Aren’t your intercept priors allowing the intercepts to be out of order?

I’m still quite new to Stan and Bayesian modeling in general, but I was following the pattern laid out in a blog post by @Solomon : Notes on the Bayesian cumulative probit | A. Solomon Kurz

Unfortunately, brms does not yet support a more proper Dirichlet prior on the cutpoints:

And I have not yet gotten this workaround to work, so I’m resorting to the separated normal distributions:

Most of my data sets sample correctly, even in the face of outliers (where I had to resort to reloo to figure out that one problematic estimated Pareto-k-value was in fact not an issue). But this is conditional on me using exp(5) for the sd.
I have given up on exp(1).

I would suggest that you expand your data simulation so that it matches your model rather than being hard-coded. That should help you identify where the model estimates are deviating from your expectations beyond just the mean.

A few things that stick out to me.
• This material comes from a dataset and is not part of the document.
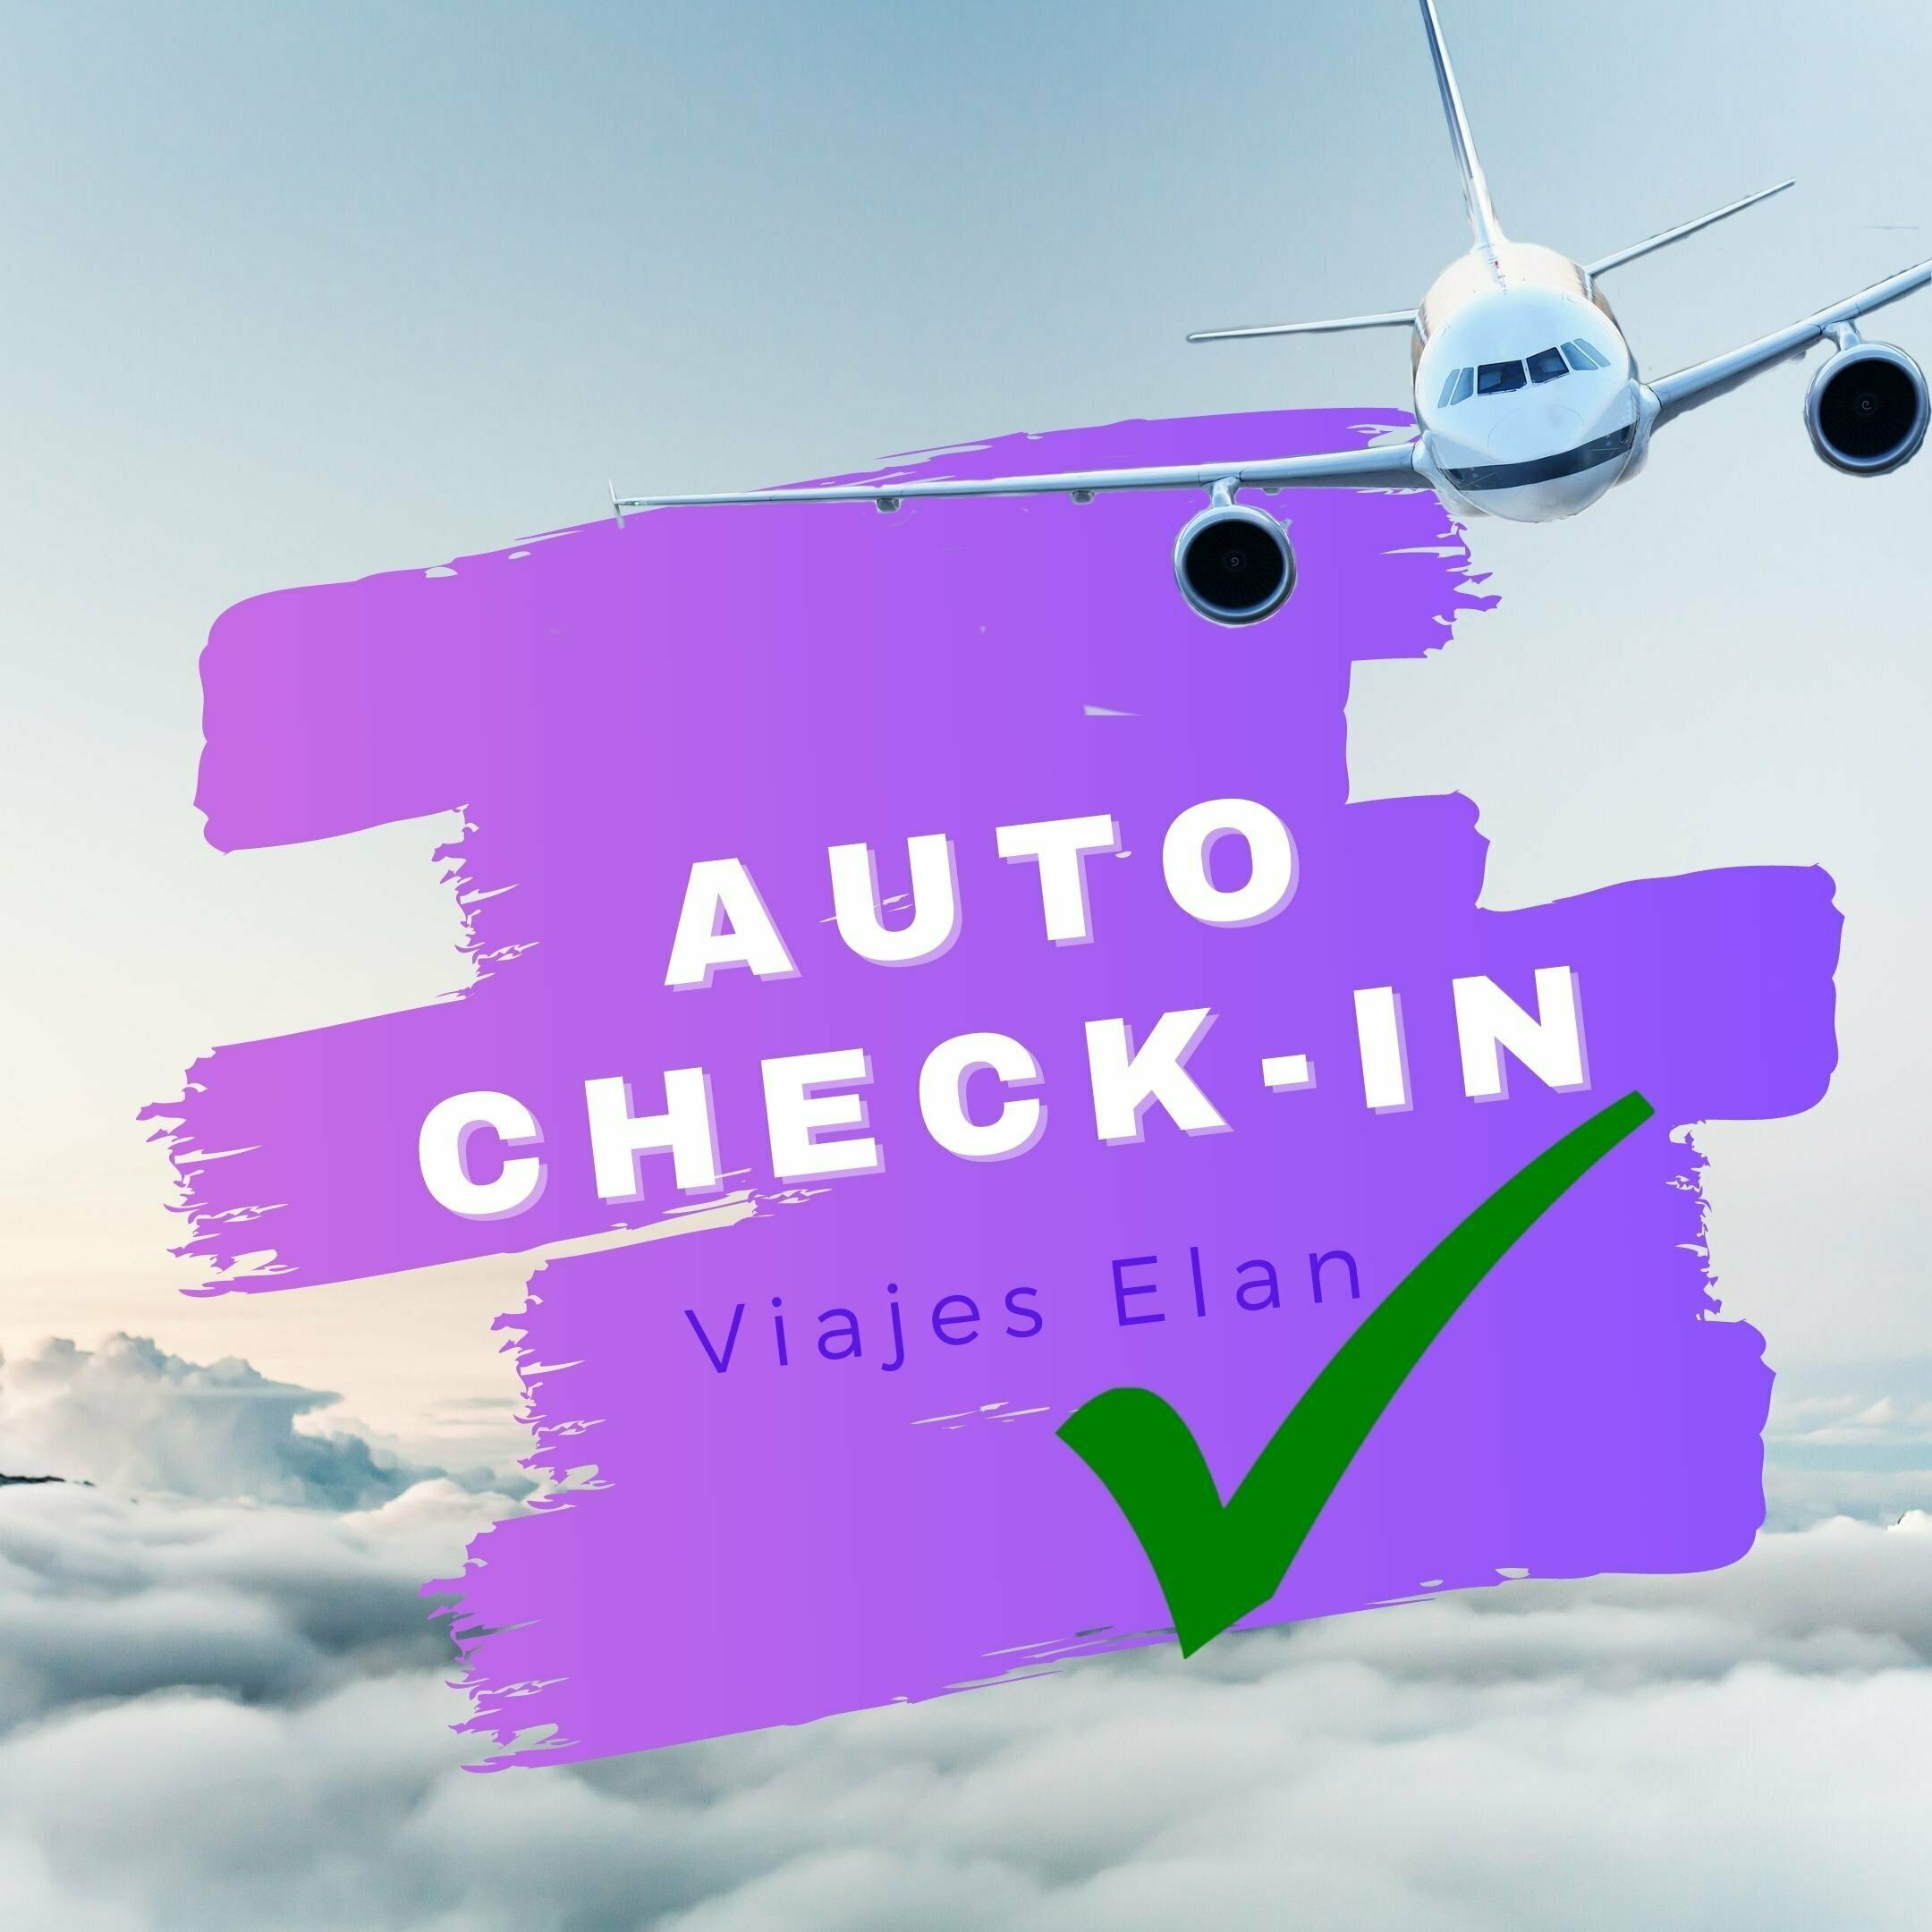 auto-chekin-online-vuelos

Your priors on the thresholds are centered such that a latent value of 0 would correspond to an observed value of 4. Those priors are probably driving the behavior you’re seeing, whereas the choice of prior on level 2 intercepts is just trying to compromise for that rigidity.

Also, you’re estimating a hierarchical model with only 7 level 2 units. 4 of the 7 have no variance in observations. This probably explains the strong influence of the priors.

1 Like

You might try the rmsb package’s blrm function which is dedicated to ordinal logistic models and uses the Dirichlet prior for the multinomial probabilities induced by the intercepts. This achieves ordering of intercepts automatically and speeds sampling.